Fontainhas Fernandes pediu outro olhar sobre a Universidade da Madeira

O presidente do Conselho de Reitores das Universidades Portuguesas espera obter os 5,9 milhões de euros referentes aos apoios destinados ao Ensino Superior

13 Nov 2017 / 11:27 H.

Fontainhas Fernandes, presidente do Conselho de Reitores das Universidades Portuguesas, inicia hoje o seu novo mandato em solo madeirense, abordando no Colégio dos Jesuítas, mais precisamente na reitoria da Universidade da Madeira vários temas, como por exemplo, a contemplação de verbas para o Ensino Superior, tendo em vista o Orçamento para 2018. O reforço de verbas para 2017, “uma vez que existem garantias por parte do Governo, mas que não estão no papel”, são outros dos temas em análise nesta reunião.

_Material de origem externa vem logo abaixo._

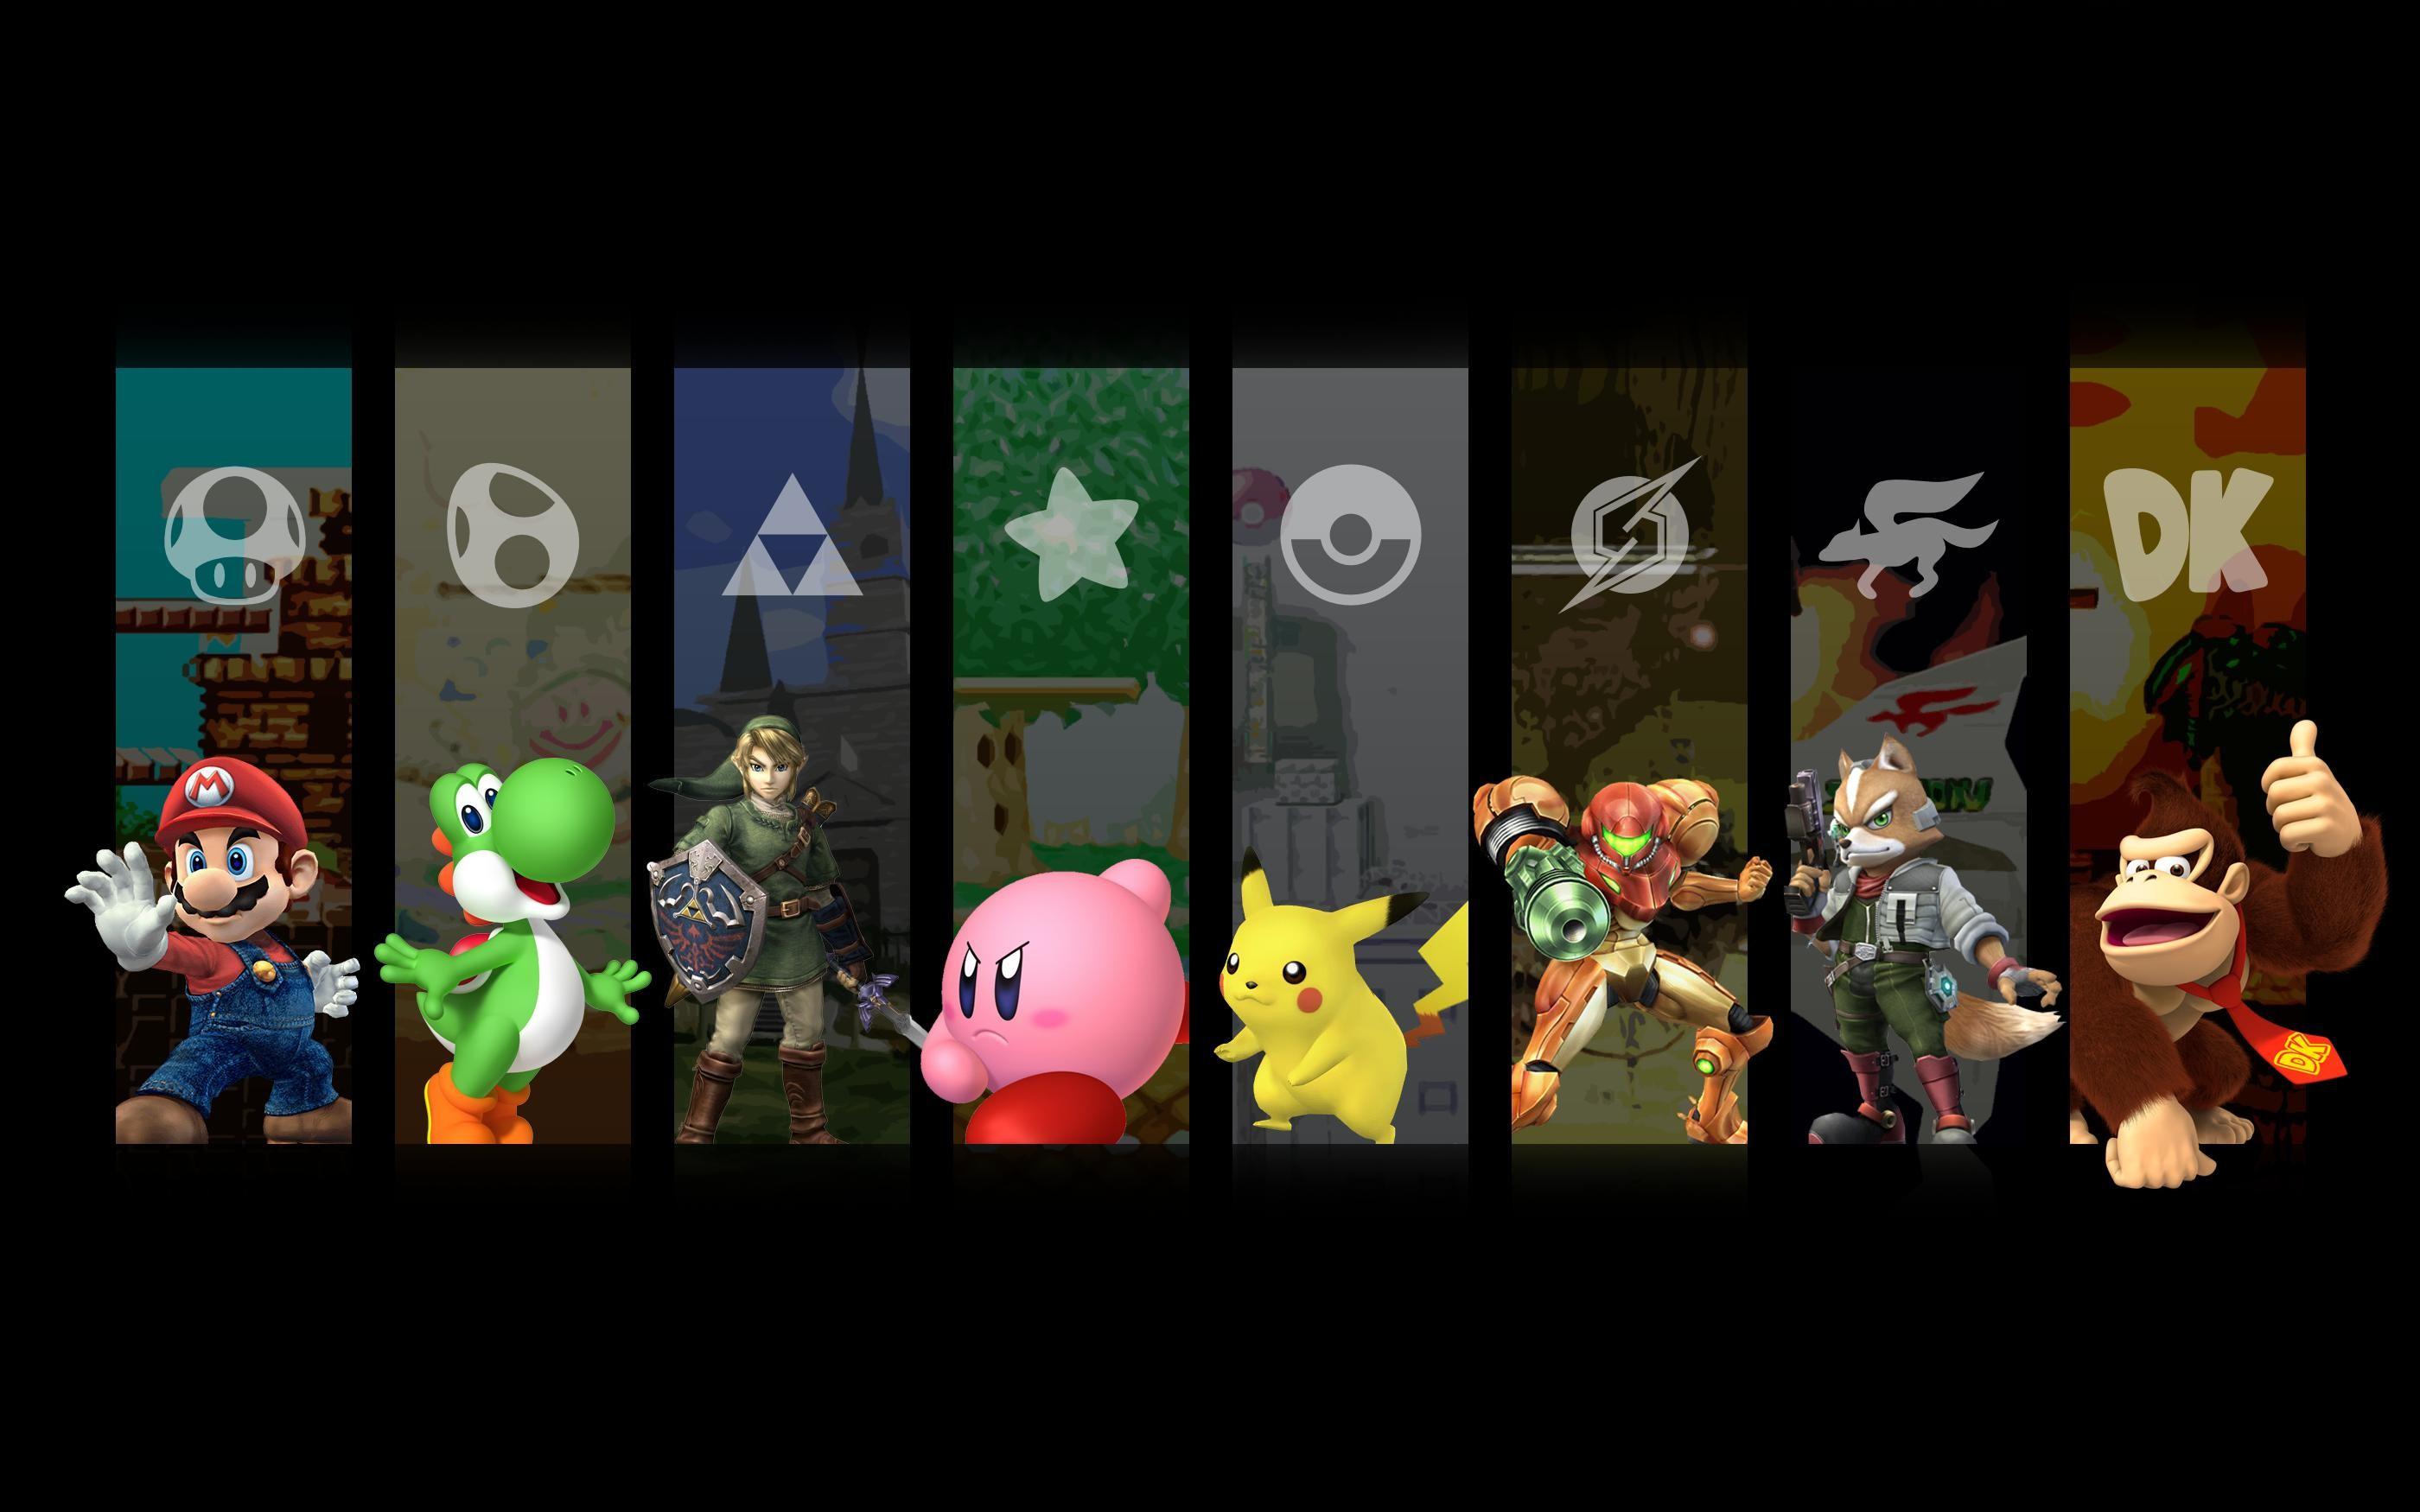 Smash Bros Wallpaper …

“Neste momento há todo um conjunto de montantes financeiros que decorrem de alterações legislativas”, como por exemplo “o aumento de salário mínimo, subsídio de alimentação e do título de agregado”, explicou Fontainhas Fernandes, esclarecendo que a canalização de 5,9 milhões de euros do Estado para as universidades “era algo que devia estar resolvido em Setembro”, sendo que até agora, em pleno mês de Novembro, ainda não sinal do dinheiro: “Estamos na data limite”, alertou o presidente do Conselho, considerando que este valor “fundamental para o equilíbrio das contas”.

De acordo com o reitor da Universidade de Trás-os-Montes e Alto Douro, “as universidades têm vindo a encontrar mais alternativas para diminuir a dependência do Estado e foi esse um dos grandes motivos” para a candidatura que apresentou à presidência do Conselho.

Fontainhas Fernandes referiu ainda que a UMa, tendo em conta a sua localização geográfica, “deveria ser alvo de mecanismos compensatórios” e “o Orçamento terá de ter em conta estas diferenças se queremos ter um país mais coeso”.

José Carmo, reitor da Universidade da Madeira, salientou que a presença do CRUP na Madeira “é um sinal que as universidades das Regiões Autónomas são importantes para o desenvolvimento das Regiões”, afirmando que o futuro passará por uma colaboração entre os Governos Regionais e as Universidades, tendo em conta os encontros que estão agendados entre a Madeira e os Açores.

“São problemas das universidades e das regiões e penso que ambos os governos estão cientes disso e os próprios querem ajudar”, disse José Carmo.